Processive cleavage of C99 by γ-secretase occurs in the trans-Golgi network, principally late endosomes, and results in the formation of Aβ. The cleavage process, which lacks fidelity, leads to the production of a distribution of Aβ isoforms, 33 to 49 residues in length, principally as Aβ₄₀(224).

Figure 4

In bulk-like environments of liquid disordered phase (red) APP transmembrane domain is evidenced to form a relatively higher population of Gly-out homodimer(58) which can be stabilized with metastable extra-membrane β-strands(166). In the neutral pH plasma membrane, the JM domain K₁₆LVFFAED₂₃ α-helix is destabilized(165, 170). In raft-like environments of liquid ordered phase (blue) APP transmembrane domain is evidenced to form a relatively higher population of Gly-in homodimer, stabilizing the dimer with glycine zipper (white circles) Cα···C=O hydrogen bonds. In the acidic endosomal membrane, the JM domain α-helix is stabilized(98, 155).

Figure 5

(A) Lipid phases and phase transitions exhibited for saturated lipid or sphingomyelin with increasing local concentrations of cholesterol.

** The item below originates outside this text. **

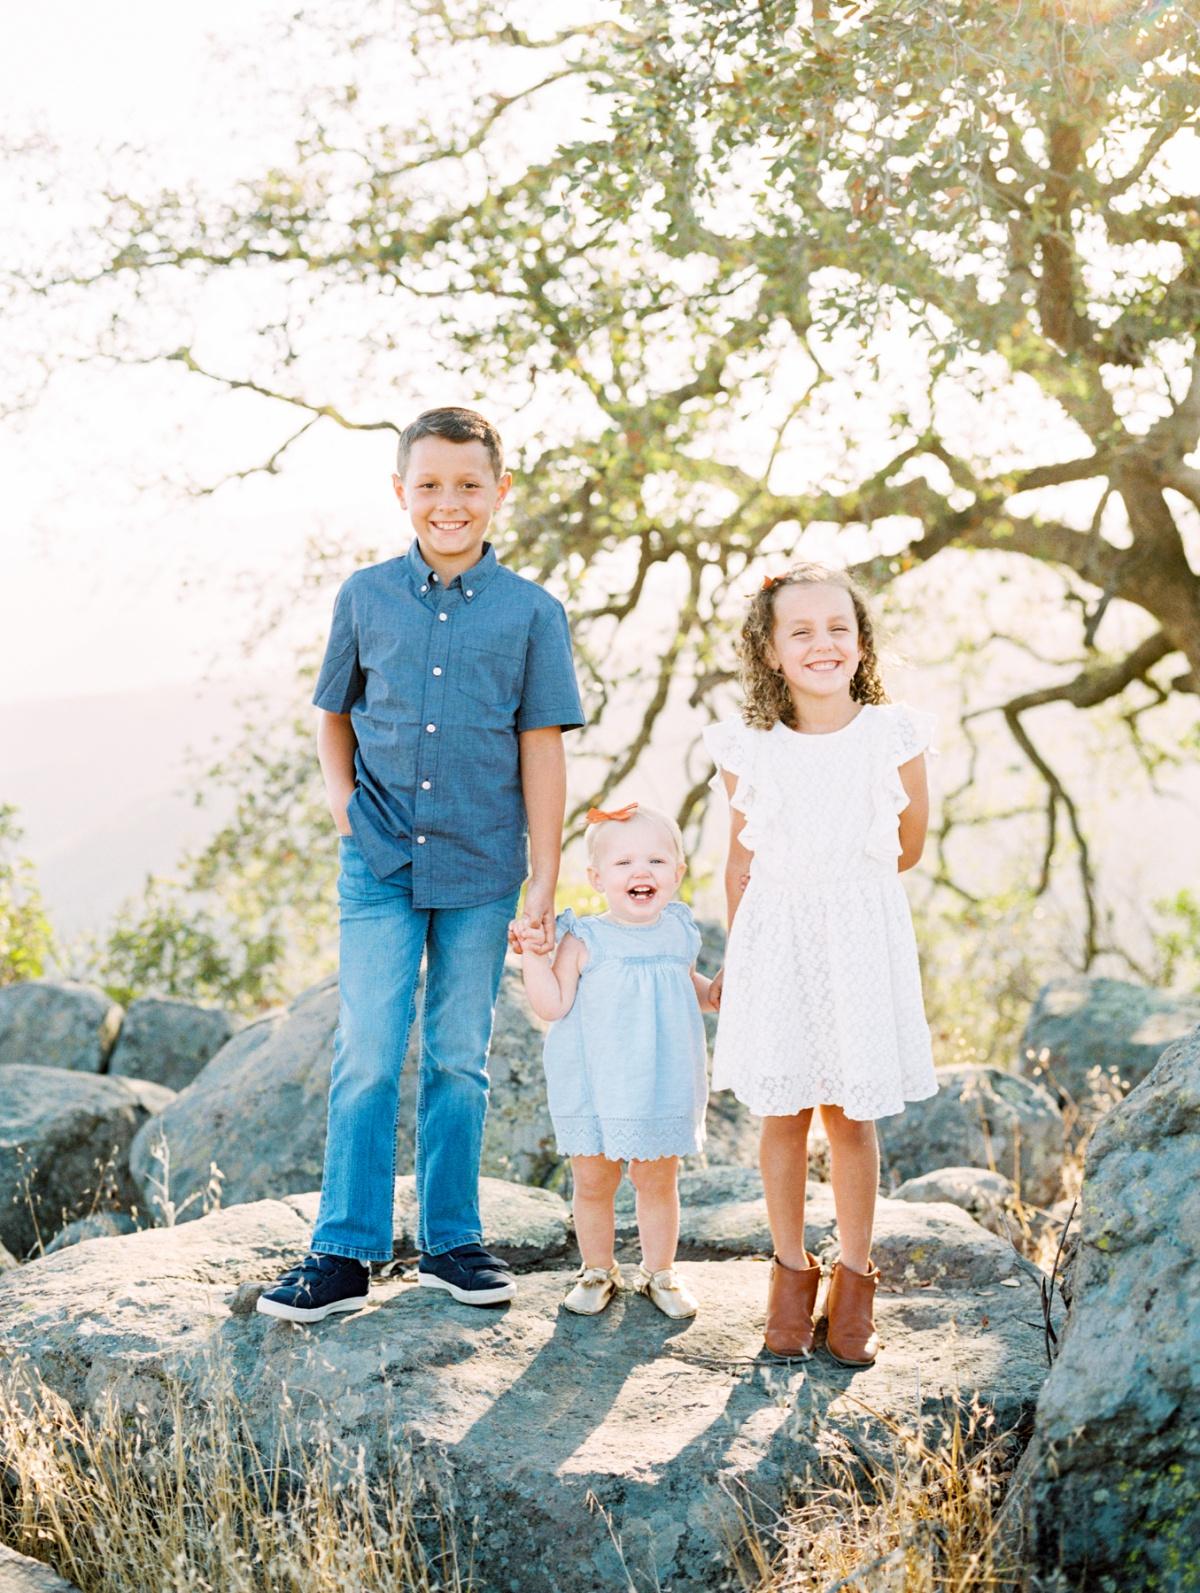 temecula-family-photography_0005.jpg
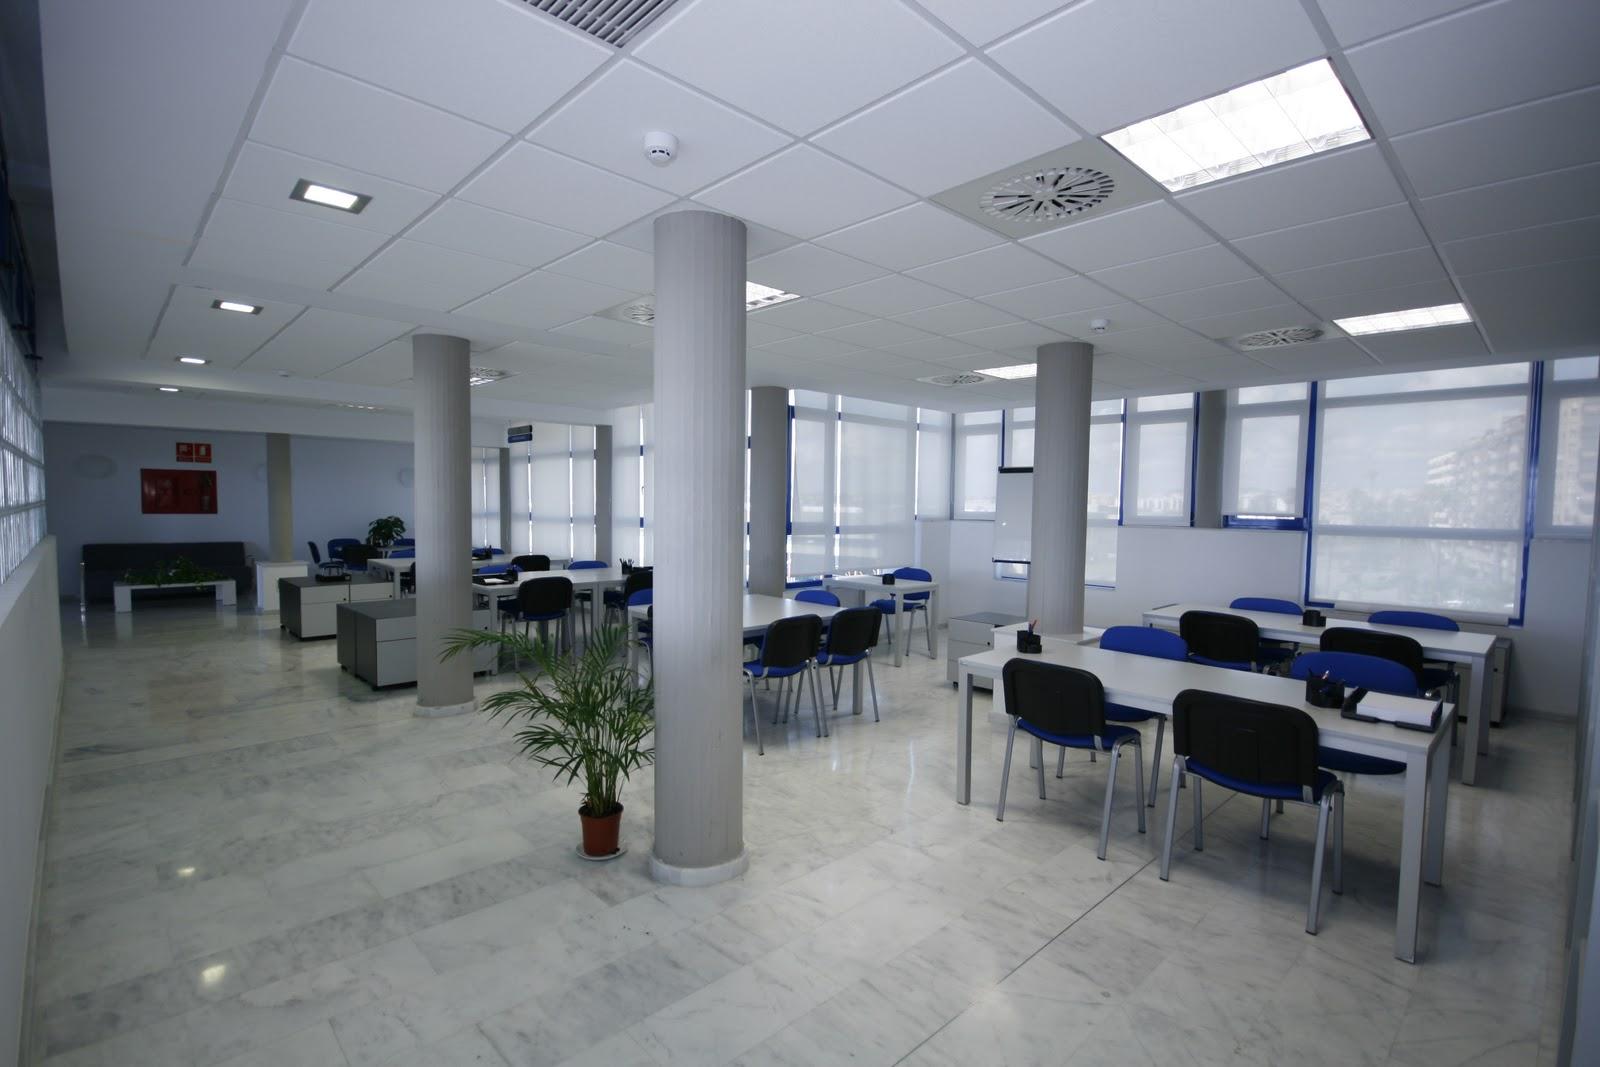 Comunidad coworking co working alicante nuevo espacio for Oficina de correos alicante

L_o lateral tail packing illustration is shown looking down the membrane normal. (B) Phase diagram representative of many mixtures involving saturated lipids or sphingomyelins, unsaturated lipids, and cholesterol at fixed temperature and concentration in aqueous solution in the lipid bilayer phase displaying the miscibility gap where phase separation is observed.

Figure 6

(A) Without palmitoylation, γ-secretase, BACE1, and APP may partition to L_d domains, along with ADAM10, which is not evidenced to be amenable to palmitoylation. (B) γ-secretase, BACE1, and APP are hypothesized to more likely partition to L_o domains upon palmitoylation (potential sites are labelled), which will cause conformational changes, particularly the association of extramembrane residues near the palmitoylated site with the lipid surface.

Figure 7

Illustration of subcellular compartments involved in the amyloid and complementary cascade pathways. APP, α-secretase (ADAM10), and β-secretase (BACE1) are represented in purple, blue, and red, respectively. Aβ is displayed in pink. The γ-secretase complex nicastrin, PEN-2, APH-1A, and presenilin 1 domains displayed in blue, pink, orange, and green, respectively. L_o domains represented with blue, ordered saturated lipid tails and a higher concentration of cholesterol, L_d domains represented with red, disordered unsaturated lipid tails and a lower concentration of cholesterol.